Triage Security Engineer 3
Position Overview and Objective
The Triage Security Engineers manage in-coming security incidents and works with the Concierge Security team to provide post-incident remediation activities.
Primary Responsibilities and Duties
Analyze incoming security events based on different data points; network, endpoint, and log sources expediently, consistently, and accurately. Leverage education and training to identify correlations in client environment to determine if behavior is expected. Effectively navigate the Incident Triage Dashboard and load the Tier 3 incident queues.
Own overall technical guidance and direction for the case for the customer, with authority to guide less experienced Triage team members in support tasks and participation in customer interactions. Escalate case to Concierge Security Team should customer requests require business relationship support for feature requests.
Prioritize low or medium to complex incoming events based on SLO (Service Level Object) determined by customer exceptionally well. Use independent judgement to determine prioritization of events and alerts and escalates as needed.
Independently steer complex investigations within area of expertise, and leverage security knowledge to engage the other experts within other disciplines to resolve matters appropriately.
Review traffic and logs to determine secondary incidents of compromise and other malicious activity; escalate incidents from Tier 3 to the customer in a heightened state if a true positive event is suspected.
Review complex customer security requests including but not limited to active customer breaches and compromises or unexpected activity found in their network; independently within area of expertise using security knowledge and engage the other experts within other disciplines to resolve matters appropriately as required to resolve issues quickly.
Act as a 3rd tier escalation for customer security issues on the phone providing guidance and expertise independently. When a solution is beyond the scope of knowledge, engaging other experts to provide solutions appropriately.
Conduct quality reviews on outgoing tickets and security engagements. At a system level, identify opportunities to improve processes, workflows, and tooling to increase efficiency, and recommend solutions to management based on findings. Advise peers and receive input on how to provide a better customer experience.
Exercise security expertise using the development platform to elevate more precise signal with minimal noise. Suggest news ways to refine signal to noise
Address all customer questions or concerns related to Tier 3+ security incident tickets.
Serve as an escalation point for TSA, TSE1, and TSE2, questions or issues. Coach and mentor other team members based on expertise.
Drive security compromise investigations mentoring Tier 2 team members, looking for root point of compromise in a post-mortem.
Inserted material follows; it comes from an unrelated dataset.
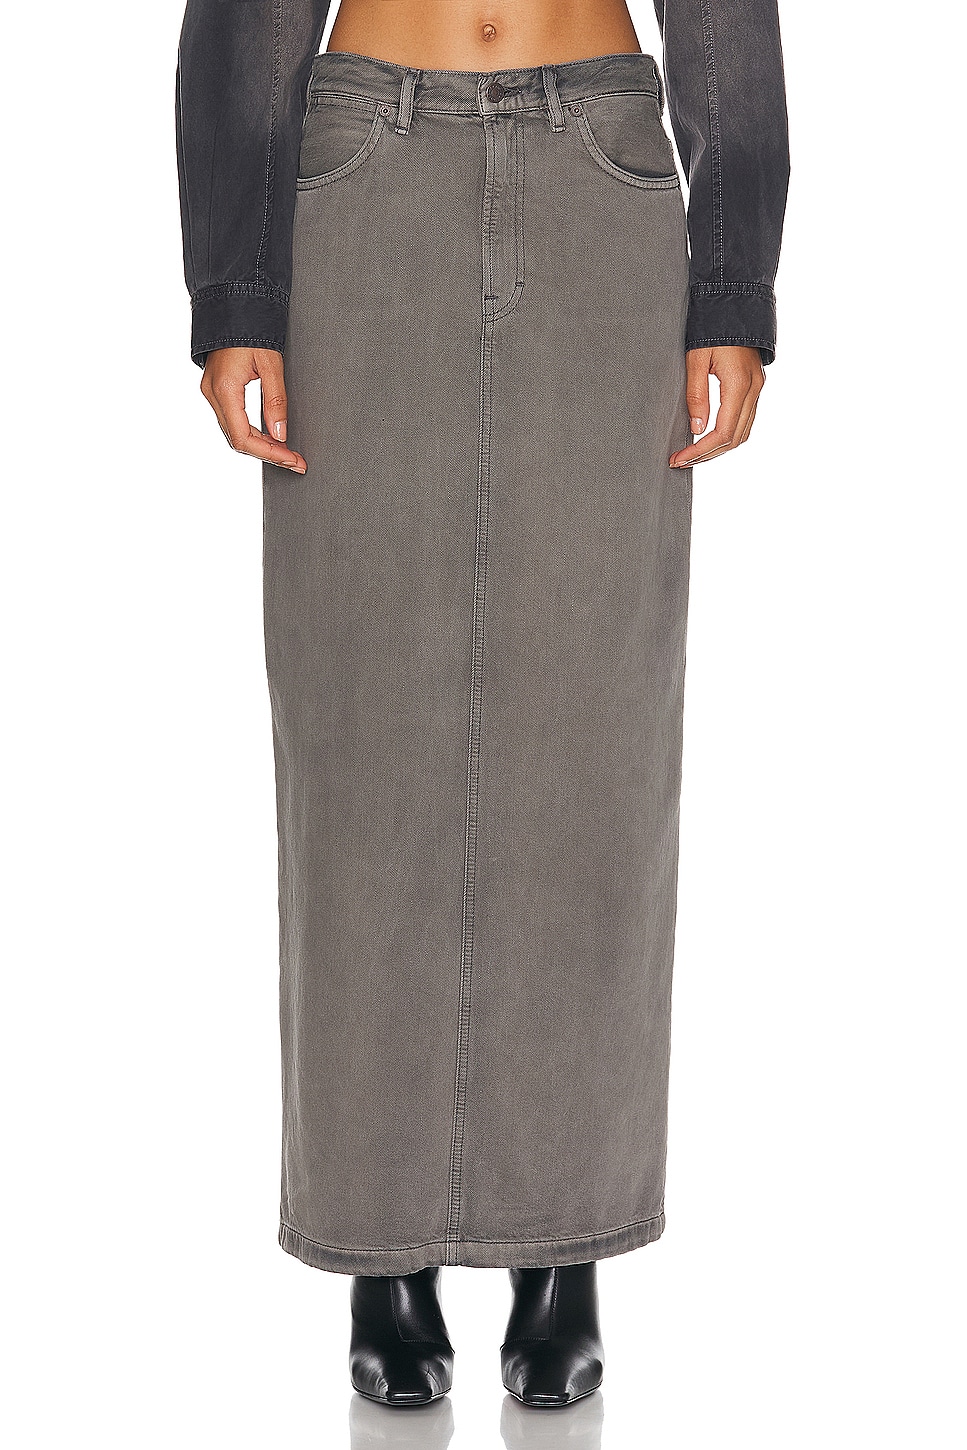 Image 1 of Acne Studios Denim Skirt in Anthracite Grey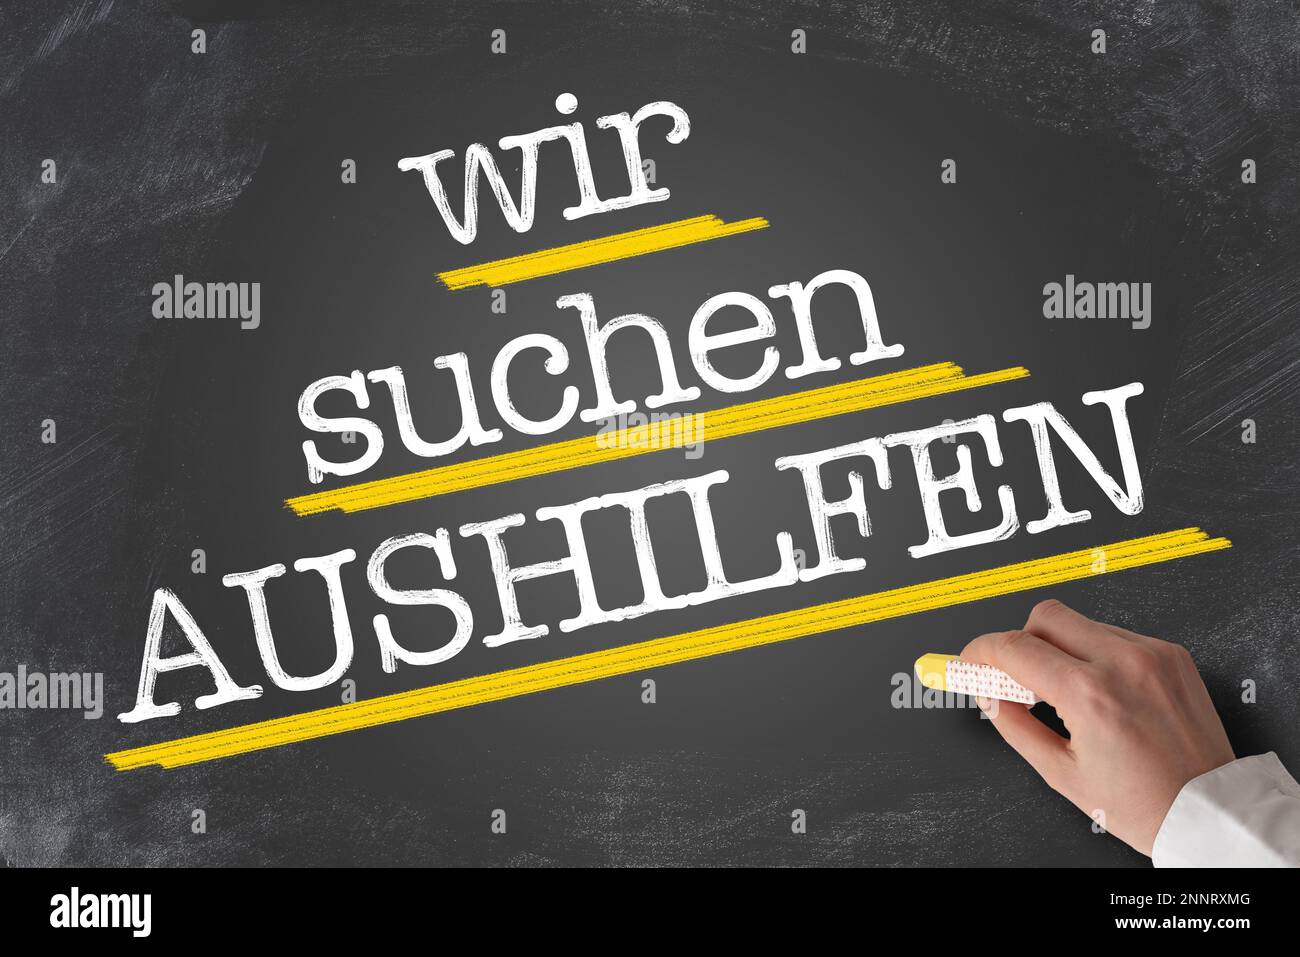 text WIR SUCHEN AUSHILFEN, German for Help Wanted, written on blackboard with hand holding piece of chalk Stock Photo

Act as the escalation point providing guidance and next steps.
Prioritize task work according to understood and implied priorities.
Interact on behalf of AWN with customers as a technical representative and senior-level provider of security services.
Key Skills
Strong understanding of Active Directory function
Strong understanding of windows utilities
Strong understanding of firewall concepts
Understanding of common business network environments
Basic understanding of security concerns for common cloud-based infrastructure-as-a-service providers:
Strong understanding of security concerns for common cloud-based services:
Understanding of security principles and tools
Basic understanding of DTR process, and practical use
Strong understanding of Identify, Contain, and Eradicate phases of Incident Response
Key Competencies
Minimum Qualifications
Relevant education could include university degree, college diploma, or industry certifications
3-5 years relevant experience
Preferred Qualifications
Environment and Physical Demands
Work is primarily sedentary in nature and can be executed sitting or standing positions in an office environment.
Requires ability to utilize technology related to using a keyboard, verbal communication, and work with device screens which require visual acuity.
If located in a company office, often requires the mobility to physically navigate the space.
In the event of business travel, mobility sufficient to utilize public and private transport and navigate to essential locations.
May include moving or lifting of 25 pounds or less (e.g., office chair, reams of paper).
Travel Requirements
Typically 10% or less of business travel
Security Requirements
Conducts duties and responsibilities in accordance with AWN's Information Security policies, standards, processes, and controls to protect the confidentiality, integrity, and availability of AWN business information.
Each successful candidate will be required to pass a criminal background check and an employment verification as a condition of employment.